The Effect of Evaluator Training on Reliability in High-Stakes Assessment Simulations: Pilot Study Results

Tiffany, Jone; Tiffany, Jone

Purpose: Evaluating clinical competency of nursing students is essential as we prepare them for the ever-changing and rapid pace of the healthcare environment. As greater emphasis is placed on high stakes assessment of clinical performance, the training of evaluators to assure good intra and inter-rater reliability of simulation performance is paramount. Supported by recent findings from the National Council for State Boards of Nursing study (NCSBN), simulation is quickly developing into a core teaching strategy for nursing education. Evaluation of learning during simulation, an essential component in the NCSBN study, informed nurse educators about valid and reliable mechanisms to assess achievement and competency in practice. The growing interest in using simulation to evaluate student competency led the National League for Nursing to conduct a four-year study to evaluate the process and feasibility of using mannequin-based high fidelity simulation for high stakes assessment in pre-licensure RN programs. Achieving clarity about the specific behaviors that students need to exhibit in order to demonstrate competency is paramount. Equally important is the training of evaluators to assure satisfactory intra/inter-rater reliability. This presentation describes the results of a pilot study conducted to test the effectiveness of a training intervention in producing intra and inter-rater reliability among nursing faculty evaluating student performance in simulation. The study is an extension of the NLN Project to Explore the Use of Simulation for High Stakes assessment. The pilot study was guided by the questions: What is the effect of (a) a training intervention and (b) faculty personality characteristics on faculty ability to achieve intra/inter-rater reliability when evaluating student performance during high-stakes simulation?

Methods: A pilot study was designed to precede a national experimental study. Basic orientation and advanced evaluator training modules were developed. These modules included orientation documents, StrengthsFinder Inventory instructions, a training video for the Creighton Competency Evaluation Instrument (CCEI), a training webinar, and a coaching webinar. Study instruments included the CCEI, student performance videos created for the National League for Nursing (NLN) Project to Explore the Use of Simulation for High Stakes, a demographic survey, and the StrengthsFinder Inventory Survey. With NLN approval, the student performance videos and the performance assessment tool produced for and used in the NLN feasibility study were used in the pilot study. A training intervention for faculty evaluators was developed. Five simulation experts completed the training intervention and the performance evaluation procedure. Reliability and correlational analysis was performed to evaluate the impact of training and faculty personality characteristics on inter/intra rater reliability. Feedback was collected from the participants to guide modifications to the content and process of the intervention in preparation for a regional, multi-site, experimental study, which began in the fall of 2016.

Results: All pilot participants were female. Three participants were ages 51 to 60; one was age 61-70; and one was age 31-40. Four participants held a master's degree and one held a doctoral degree as the highest academic credential. The participants taught in associate, baccalaureate, and entry-level master’s programs. The five participants taught in three different states. Only one participant taught in a program currently conducting high-stakes assessment in simulation. Quantitative analysis was conducted on the CCEI video evaluations. When the analysis of the six videos was compared with the three training videos, a large increase in inter-rater reliability was noted for two subscales: Assessment and Clinical Judgment. Two subscales: Communication and Patient Safety showed little difference. The two overall measures, Yes/No Competency, and Overall score showed little difference. The results were reported in an aggregated format, which obscured the differences between the separate evaluations of the training videos and the experimental videos. Even though the statistics were reported in aggregate, it still appears that the training intervention helped the participants to develop a more shared mental model of evaluation. These statistics will be analyzed and reported both individually and in aggregate for the full study.

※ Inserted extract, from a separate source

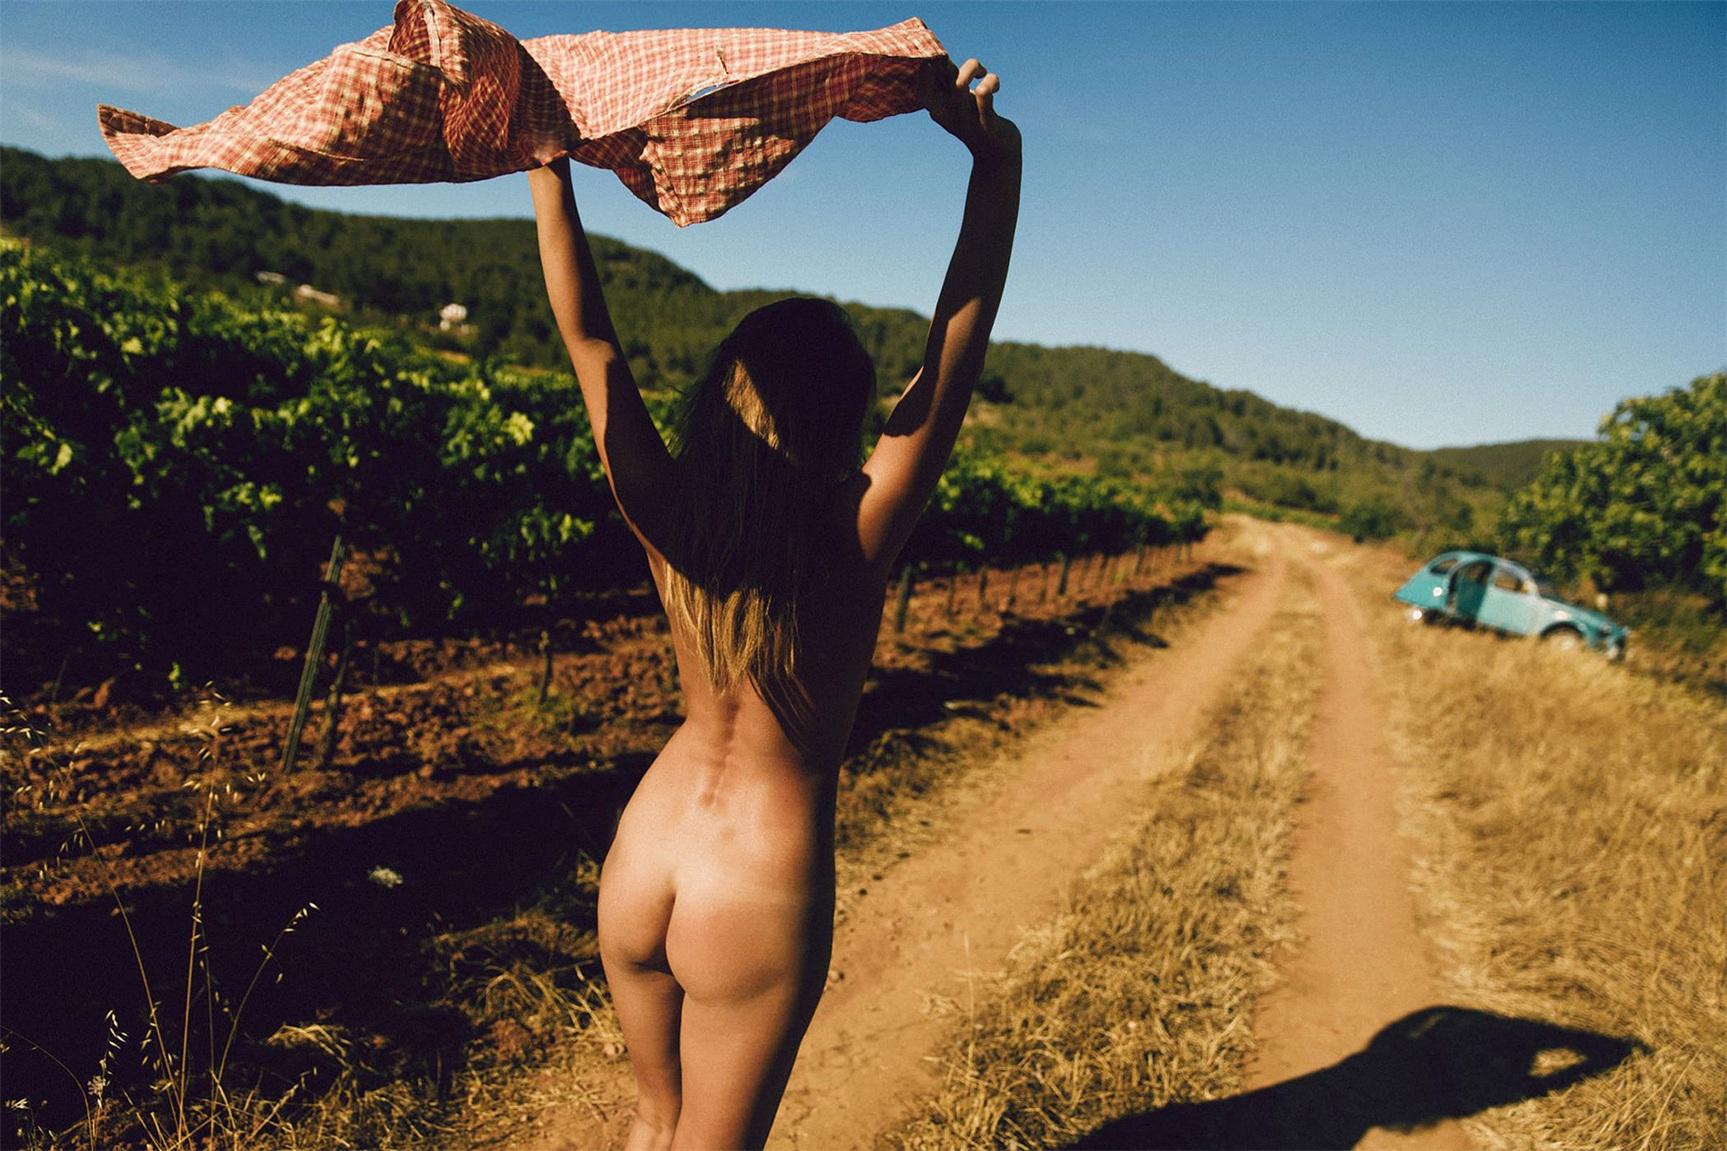 на природе с Марисой Папен / Marisa Papen nude by Jörg Billwitz - French Picnic

Conclusion: It was evident that conducting a pilot study was invaluable. When data collection instruments, study procedures, and data analysis are complex, one can expect difficulties that require problem solving. This study has raised some critical questions relative to high stakes assessment, including: 1) what is the “right” amount and format of training? and 2) how do you help teams of faculty develop a shared mental model? This pilot study provided the opportunity to implement study procedures and make changes where issues and problems were discovered.